Immer mehr langjährige Eigenheimbesitzer geraten trotz Immobilien-Boom unter Druck: Steigende Hauspreise verschärfen die Tragbarkeitsanforderungen, besonders kurz vor der Pensionierung.
Was nach einem Vorteil klingt, wird für Bestands-Eigentümer zunehmend zum Problem. Wer vor 25 Jahren ein Haus kaufte, sieht den Marktwert heute oft verdoppelt. Das bedeutet aber nicht unbedingt mehr finanzielle Sicherheit. Im Gegenteil: Durch die nach oben angepassten Unterhalts- und Nebenkosten verlangen Banken heute deutlich mehr Einkommen als zur Erwerbszeit, um die Hypothek als tragbar einzustufen.
Tragbarkeitsregeln setzen langjährige Eigentümer unter Druck
Bei der Vergabe und Verlängerung von Hypotheken gilt: Die durchschnittlichen Kosten für Zinsen, Unterhalt und Amortisation dürfen rund ein Drittel des Einkommens nicht übersteigen. Besonders der kalkulatorische Unterhalt, pauschal meist mit etwa 1 Prozent des Immobilienwerts angesetzt, steigt mit dem Marktwert des Hauses. So braucht ein Eigentümer, dessen Immobilie heute das Doppelte wert ist, auch ein deutlich höheres Einkommen als bei Vertragsabschluss.

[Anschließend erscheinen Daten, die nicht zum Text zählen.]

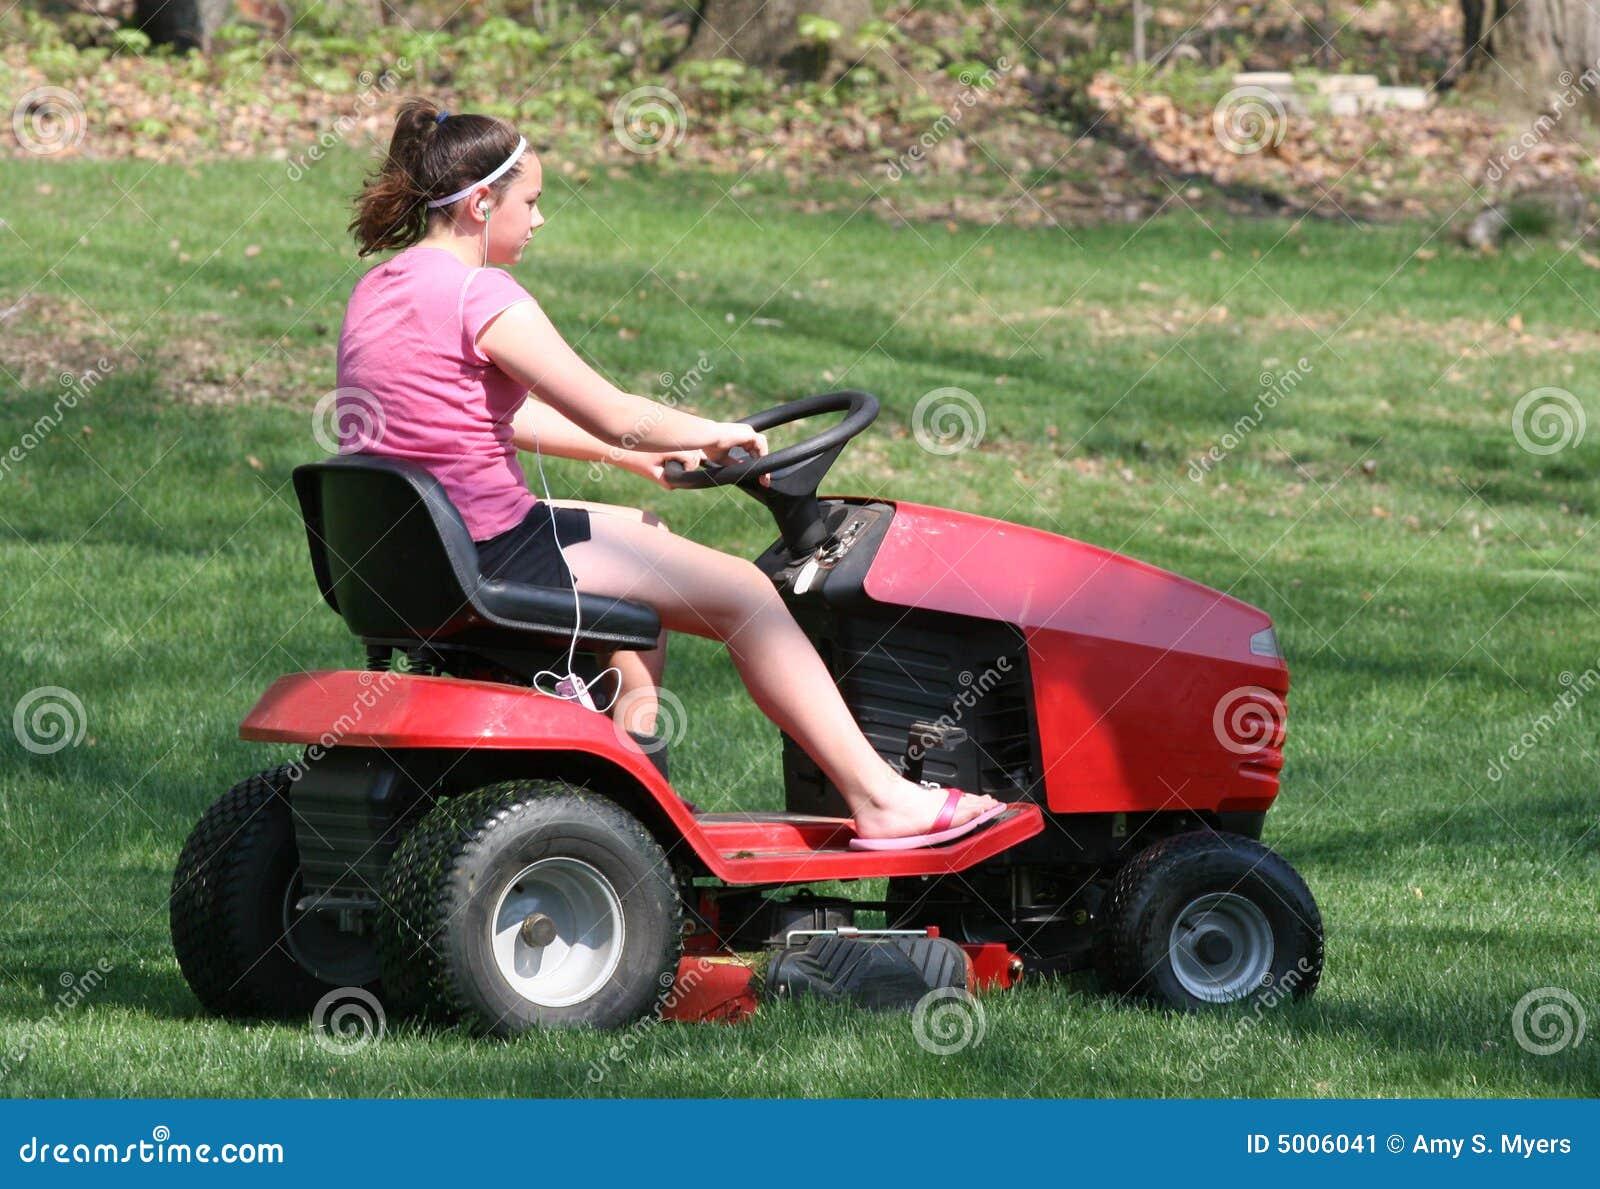 Lawn Mower Seat Trim : Riding mower cartoon vector cartoondealer

Beispiel: Einkommen muss um 20 Prozent steigen, Renten reichen oft nicht aus
Eine Auswertung von 500 in der Deutsch- und Westschweiz im Jahr 2000 gekauften Immobilien zeigt: Ein durchschnittlicher Immobilienwert von damals 730’000 Franken ist heute auf 1,42 Millionen Franken gestiegen. Das für die Hypothek erforderliche Einkommen muss dadurch rund 20 Prozent höher liegen. Wer sich dem Ruhestand nähert, verfügt jedoch oft nur über die AHV/Pensionskassen-Rente mit im Schnitt 60 Prozent des letzten Erwerbseinkommens. Dies ist zu wenig für die strengen Tragbarkeitsregeln.
«Beton-Millionäre» – Vermögen in der Immobilie, aber zu wenig Liquidität
Viele ältere Hausbesitzer haben zwar rechnerisch viel Vermögen im Eigenheim. Doch die starren Regeln der Banken werden für viele zur Hürde. Lösungen wären etwa der Einbezug von Familienmitgliedern, eine Immobilienrente oder der Verkauf von Wertgegenständen. Die meisten möchten jedoch am liebsten in ihrem Zuhause bleiben.
Durch steigende Hauspreise und starre Bankregeln werden langjährige Eigentümer zunehmend mit der Frage konfrontiert, ob sie ihre Immobilie nach der Pensionierung noch behalten können. Es braucht dringend flexiblere Ansätze damit der Immobilienboom nicht zur sozialen Falle wird.